Dead things cannot reply. 

This was the result of a not-typical psychic transforming vibrations from hand-painted cards into something tangible: 

First, the stars whispered.

Stars had only ever whispered twice to each other in the history of the world; both times were during an era of cataclysm. Disaster had unfolded slowly during these two tragedies, like music on the steady rise of a crescendo or a flower as it unfurls into full bloom. During these cataclysms, oily shadows claimed the sky, so that night was everlasting and suffocating. The blood of pointless wars had painted the ground red, and flares from a too-close sun scorched every mountain black.

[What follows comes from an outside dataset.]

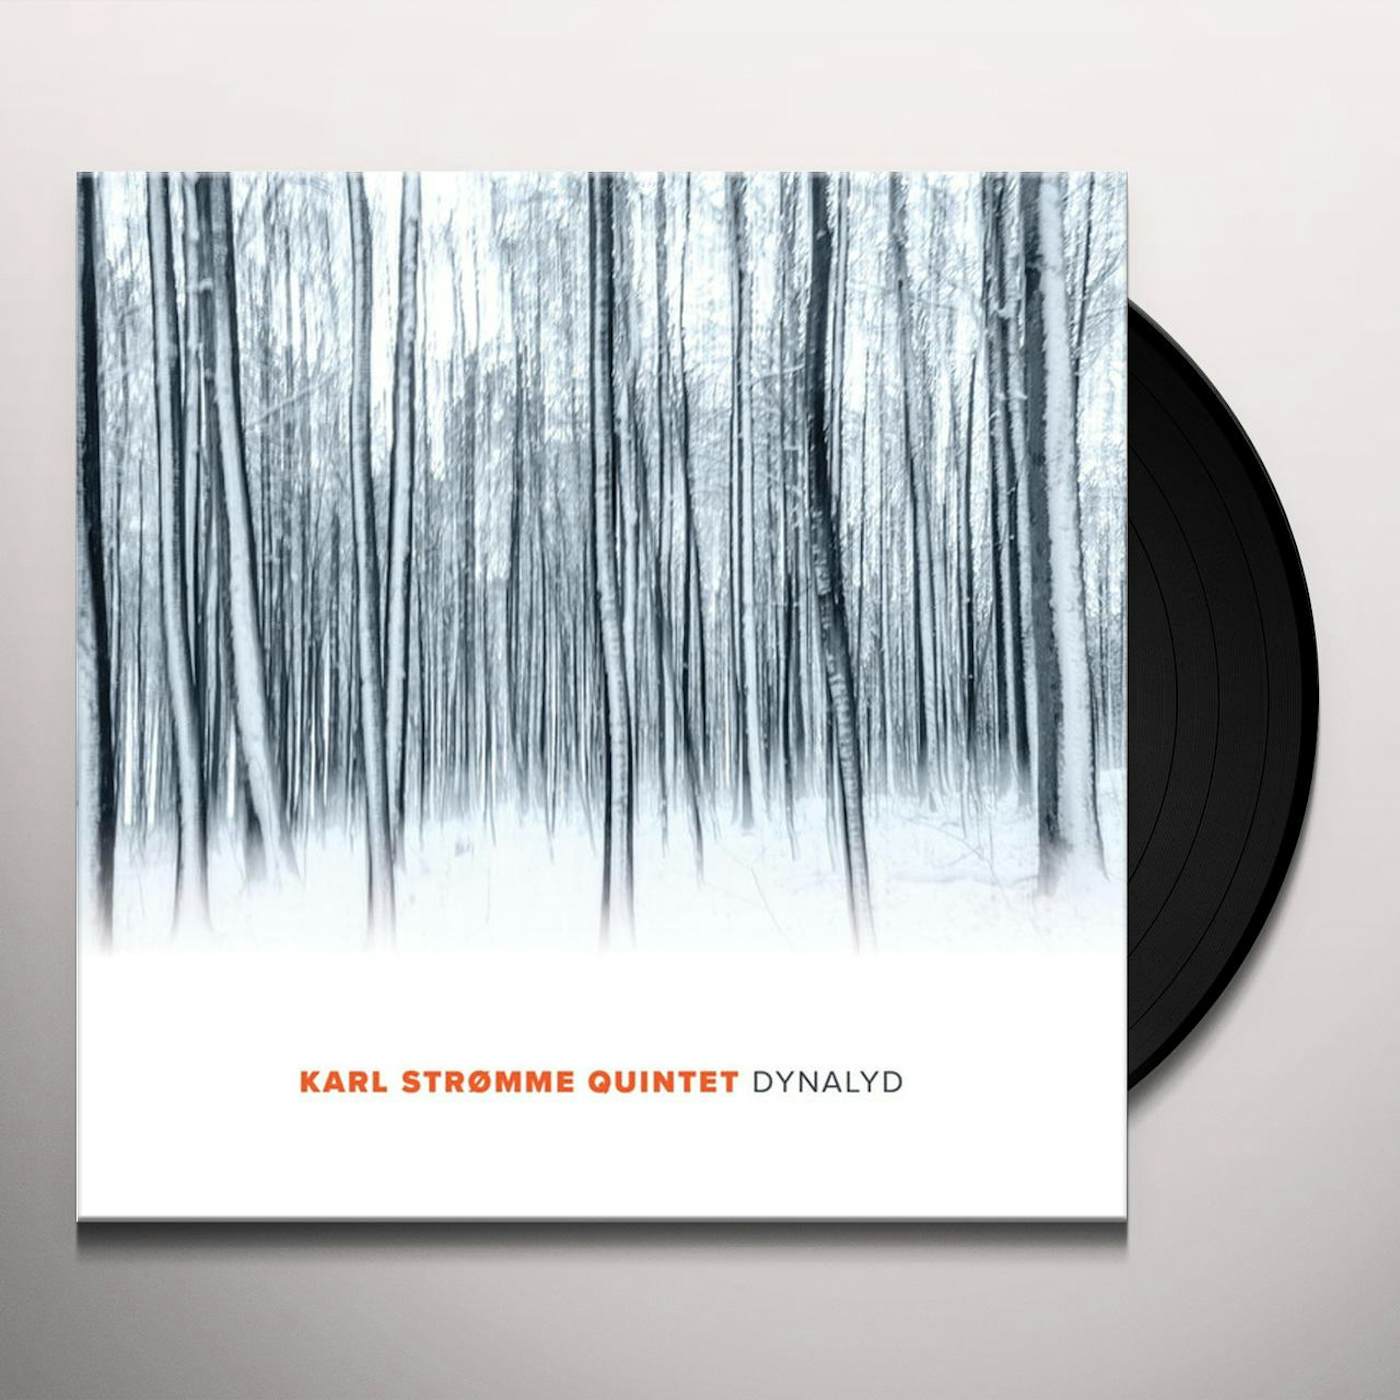 Karl Quintet Stromme Dynalyd Vinyl Record

But not even blood-soaked grounds or a blazing sun compared to this.

On the night of the third cataclysm in world history, the electrical current of magic flipped inside out and shattered to pieces.

The stars watched as the shattered current ate people alive.

I smell catastrophe.

And then every star convulsed as eleven beasts revealed themselves to the world.

Three beasts fell from the sky, everything about them a black-purple blur of wings, legs, and tongues. When they crashed to the ground, cities crumbled. There were bloody streaks in the sky; they looked like red cirrus clouds, and the stars screamed when they realized the beasts had ripped the sky open. The sky was bleeding.

I smell catastrophe.

Four more beasts clawed up from the ground of the continents of the Shifter World. In their wake, earthquakes groaned. Landslides roared. Entire forests heaved and collapsed. Honey seeped through the earth, gold and sweet as it choked every bit of greenery that grew within a fifty-mile radius of where the beasts had unearthed themselves.

The stars began to shake. Their whispers turned to raw, broken protests. This was wrong and wrong and wrong—

The last four beasts rose from lilac-colored oceans. Silver rivulets shivered down antlers and long satin necks. They were prettier than the other monsters...they were also the angriest. Salt piled up along the coastlines, and the fish drowned in the shallows.

I smell catastrophe.

The beasts began their killing spree, and the stars could only watch and whisper, watch and whisper.